*To do*
Quote the lines of the data below verbatim, beginning at the line that contains "Philadelphia weddings: Alexandra" and ending at the last line, both included, and excluding pictures.

*Exercise data*
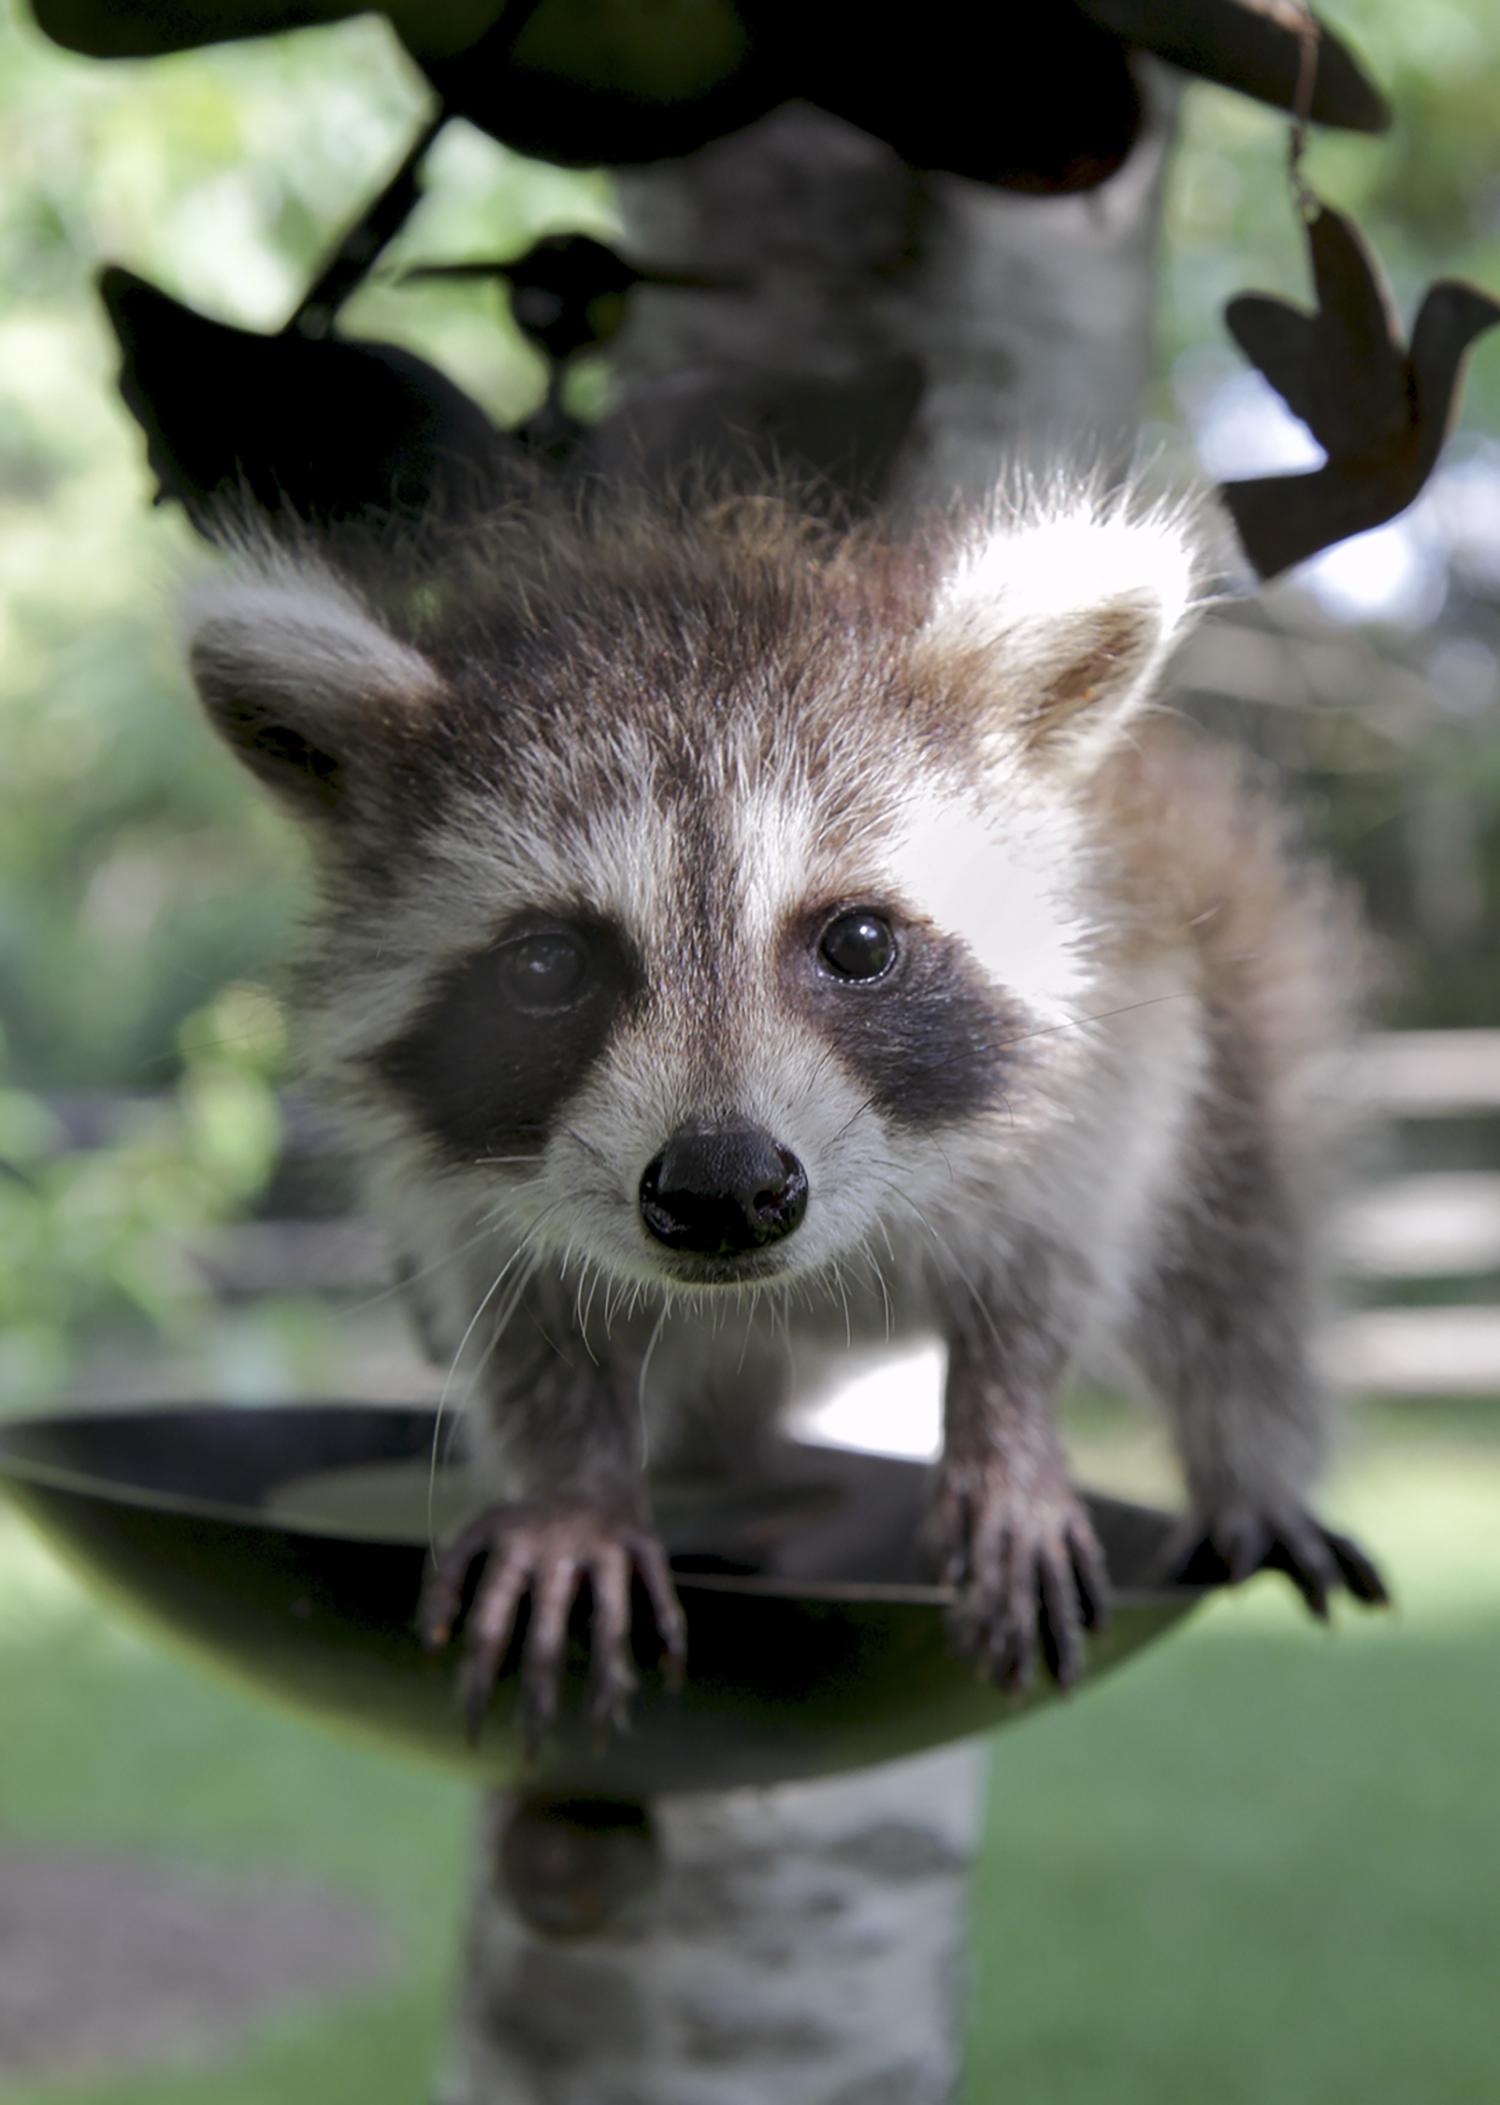 Raccoon-Baby-Wildlife-Sanctuary-Birdfeeder.jpg
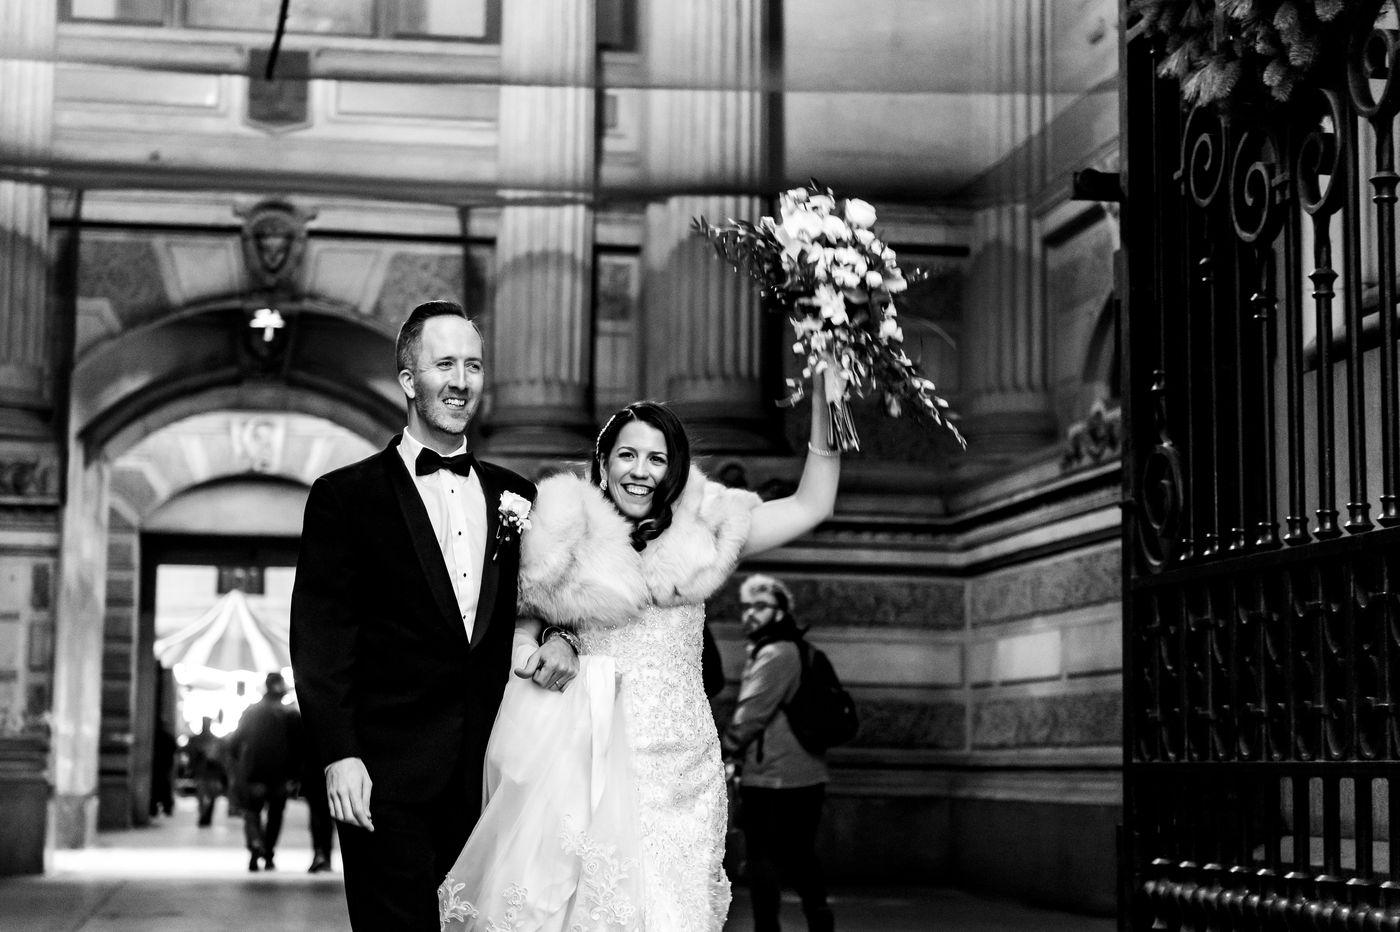 Philadelphia weddings: Alexandra Meis and Nicholas Larson
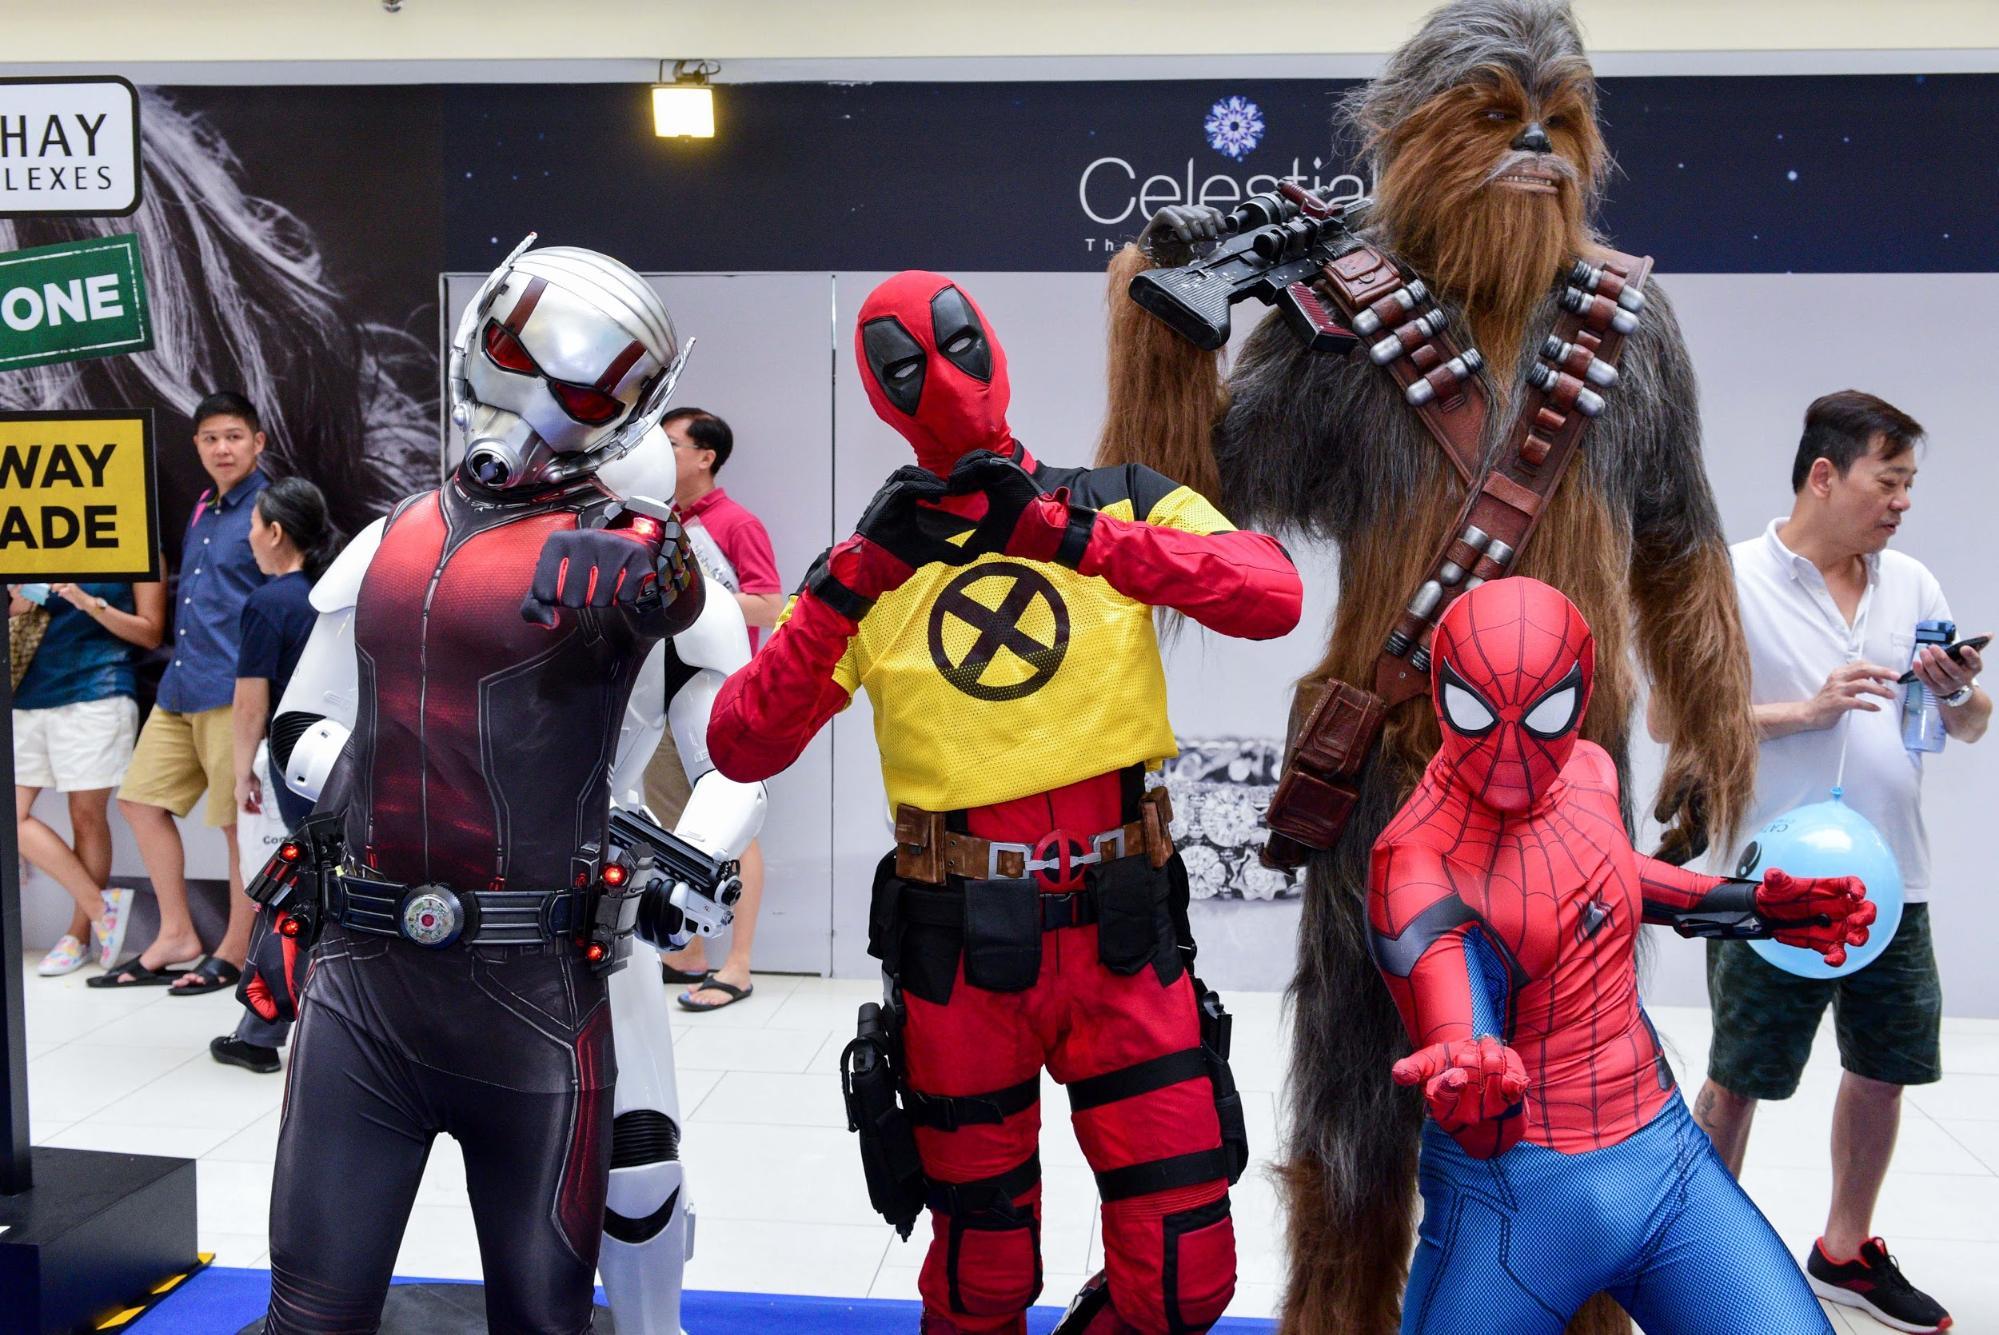 cathay cineplex amk hub - movie cosplay of deadpool, chewbacca, spiderman, antman
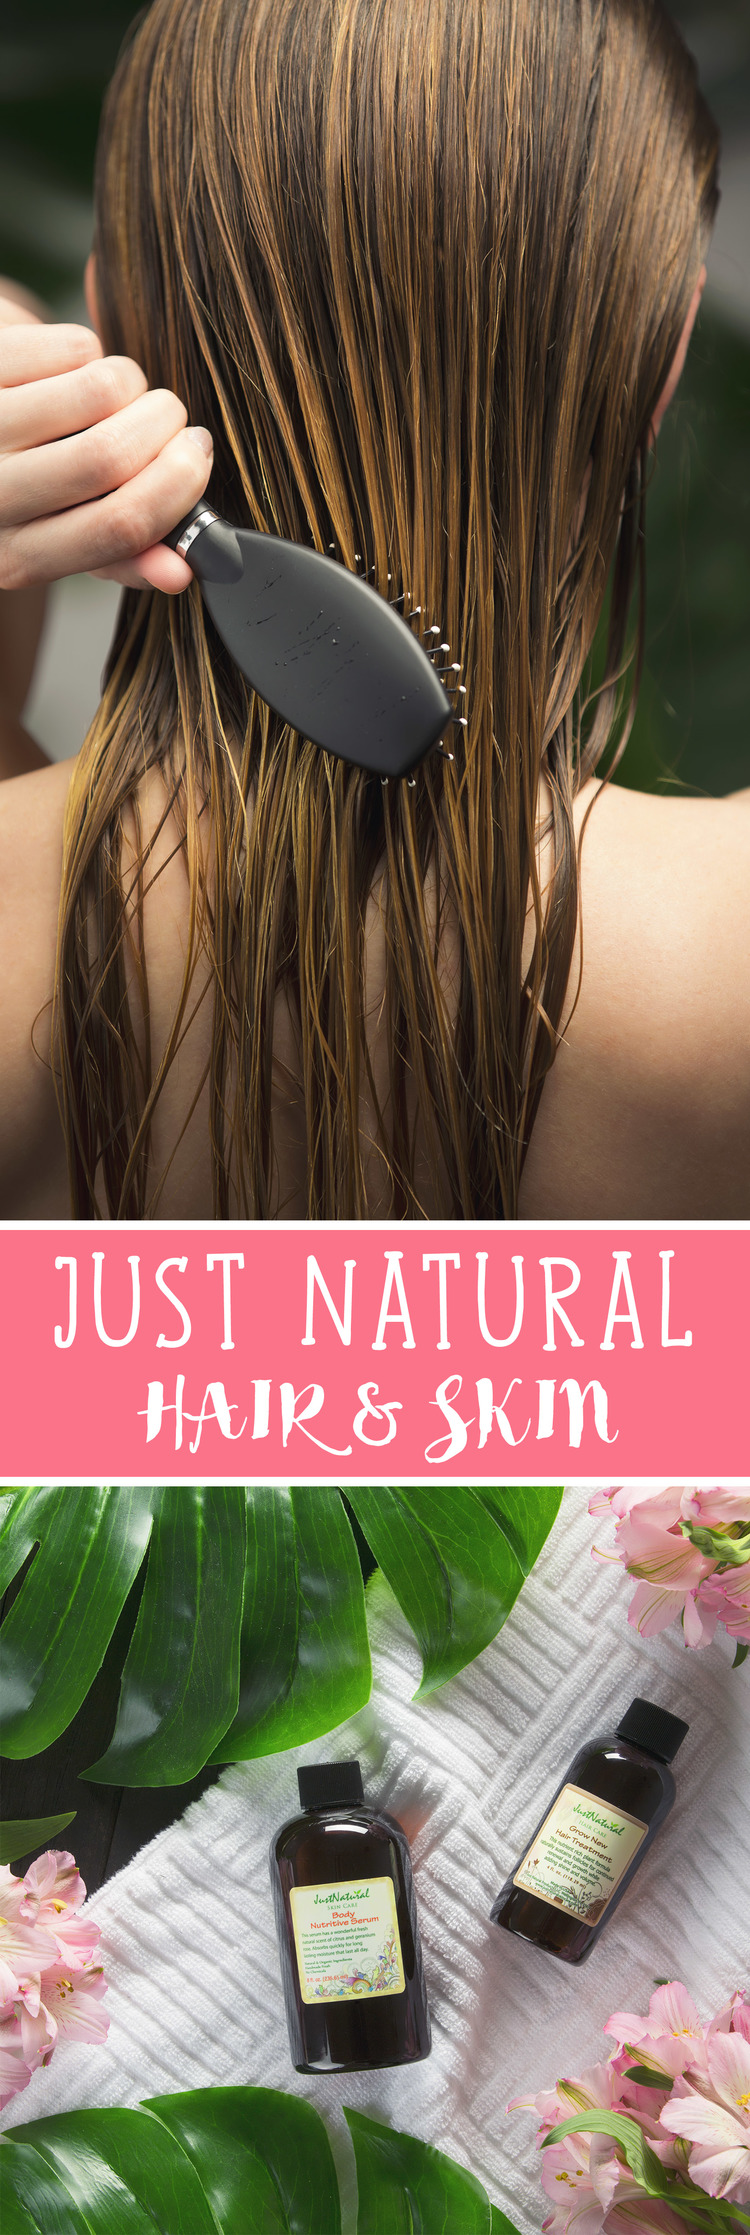 Just Natural Hair & Skin

*Response area*
 Philadelphia weddings: Alexandra Meis and Nicholas Larson
 cathay cineplex amk hub - movie cosplay of deadpool, chewbacca, spiderman, antman
 Just Natural Hair & Skin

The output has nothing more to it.